As a child I found myself often thinking about God and longing to know Him.

I did not understand the importance of asking for forgiveness of my sin in order to have a close, personal relationship with Him. I didn’t know that the Bible says in Isaiah 59:2 “But your iniquities have separated between you and your God, and your sins have hid His face from you, that he will not hear,” so I tried to get close to Him in other ways.  I attended religious retreats and seminars hoping to earn His favor. At one point, I seriously considered giving my life to Him in religious service. I had a desire for God, but no knowledge of the true way to find Him.

High School

When I was in high school, I had two friends who began to tell me about salvation through faith in Jesus Christ and my need to humble myself before Him by confessing my sins to Him. They told me that I could not earn His favor. God had to judge my sin, for the Bible says that “the wages of sin is death.”(Romans 6:23) This created a problem for me because in my mind I was a “good little girl” and did not see myself as a sinner on my way to hell. I had not heard the fact that “all have sinned, and come short of the glory of God”(Romans 3:23). When I heard this truth, my pride kept me from accepting true salvation because I did not like the idea of being a sinner. I viewed myself as a very well behaved person who tried to be a good daughter, sister, student, and friend.

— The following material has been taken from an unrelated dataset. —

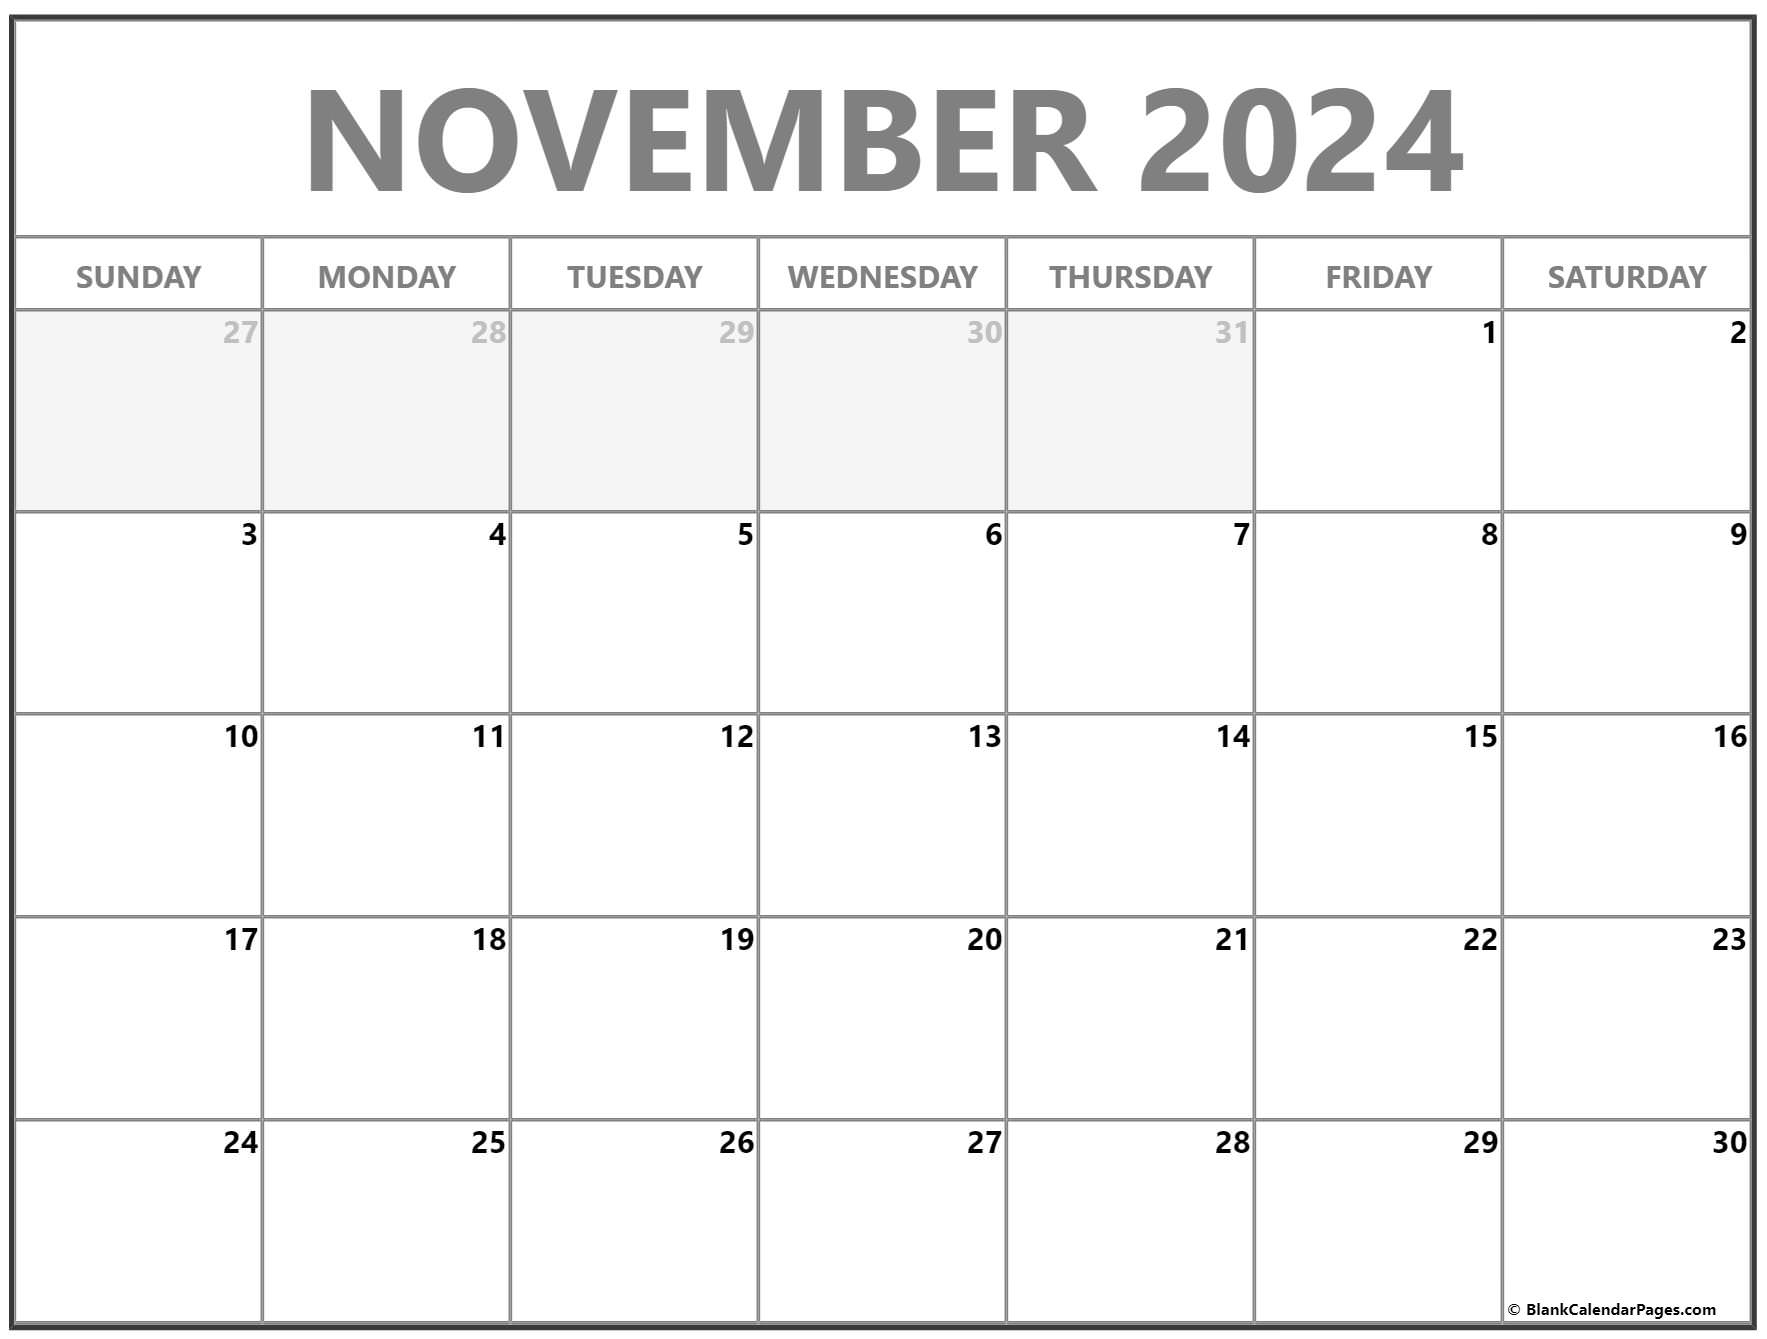 November 2024 Calendar | Free Printable Calendar pertaining to Free Printable Blank Calendar November 2024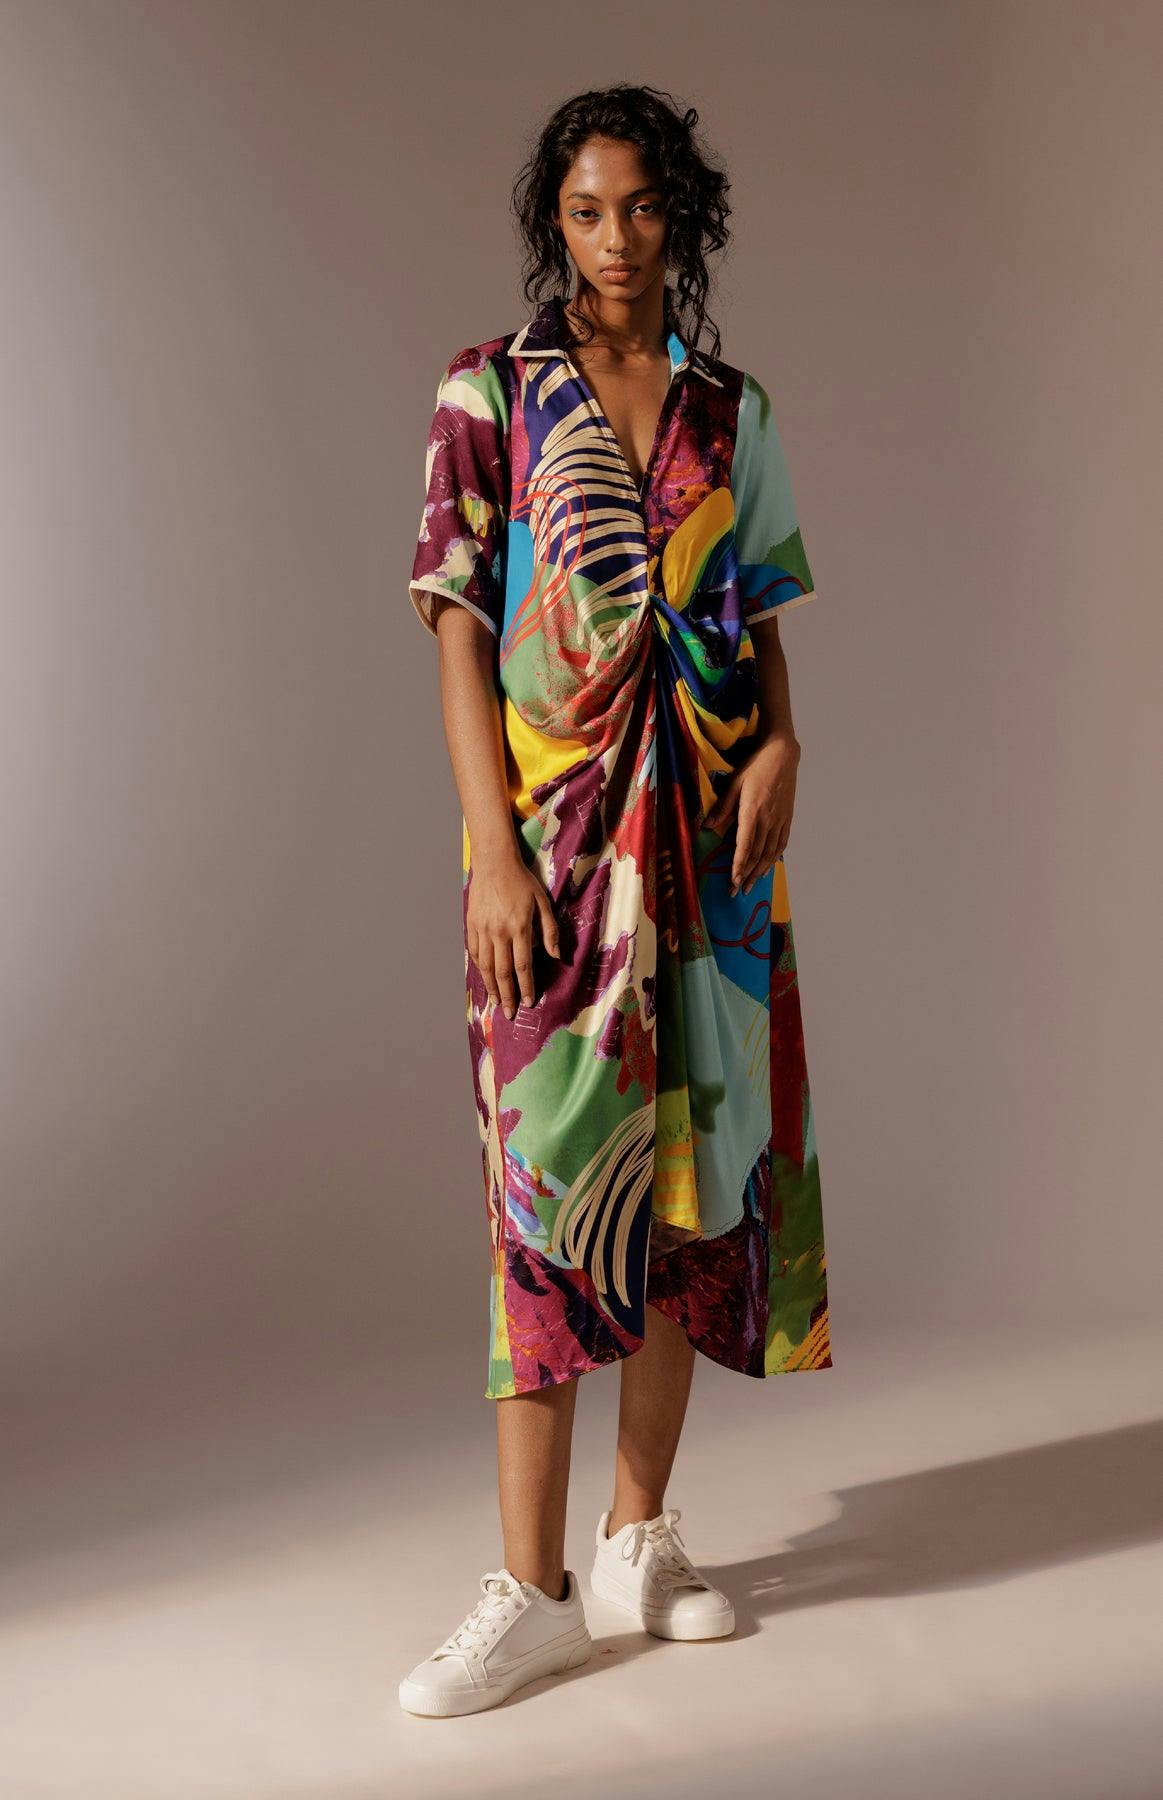 Calypso Draped Shirt Dress, a product by Advait India

My friends kept talking to me about salvation and often confronted me about my need to confess my sin to the Lord. I would get very angry at them because I did not want to hear the truth about who God really was and how my sin affected my relationship with Him. I also did not understand that this was the significant relationship that I had always longed for but had never understood.  My friends were very faithful to talk to me about Christ because they really loved me and wanted me to know the truth even though it was hindering our friendship.

My first service did go well…

They also began inviting me to church. I always made up excuses about why I could not go. I finally agreed to go so that they would stop “bugging” me. My first service did not go well because I was very convicted about my sin. Since I had felt so uneasy, I decided I would not go back again. The Lord continued to use my friends to reveal truth to me. I knew that God was drawing me to Himself, but I did not want to come to Him His way. Jeremiah 31:3 says “The LORD hath appeared of old unto me, saying, Yea, I have loved you with an everlasting love: therefore with loving kindness have I drawn you.” I could sense that drawing and His great love for me.

If you would like to read and listen to more stories from “This Is My Story” click here.

Finally, one day, I surrendered to the truth and decided to believe what God had revealed to me. I knew, even though I didn’t like it, that I was a sinner and needed to confess my sin to my Creator who knew all about me. Romans 10:9 says, “That if you shall confess with your mouth the Lord Jesus, and shall believe in your heart that God has raised Him from the dead, you will be saved.” Now I know that I have been forgiven. The reason that God can forgive sinners is that His Son Jesus Christ died on the cross for our sins and rose again. I had to personally trust Jesus’ work as my only way to heaven.

Now I understand the words of the song “Satisified” which say

“Hallelujah! I have found Him Whom my soul so long has craved!

Jesus satisfies my longings, through His blood I now am saved!”

I am saved from hell, and I have eternal life.

Now that I truly know Him as my personal Savior, I believe I have found not only what I was seeking but also the greatest treasure that exists!  Psalm 16:11 says, “You will show me the path of life: in Your presence is fullness of joy; at Your right hand there are pleasures for evermore.” I have Someone to guide me through life, Someone who gives me complete joy, and Someone who gives me unending pleasure. And guess what else I have!  A Heavenly Father who loves me with an everlasting love. I have found the One whom I was craving. My longings are satisfied!  I have found the greatest treasure!

Are you searching for truth and significance? Do you truly want to know God? Is He drawing you to Himself? God longs for you to find Him so that you can have the greatest treasure!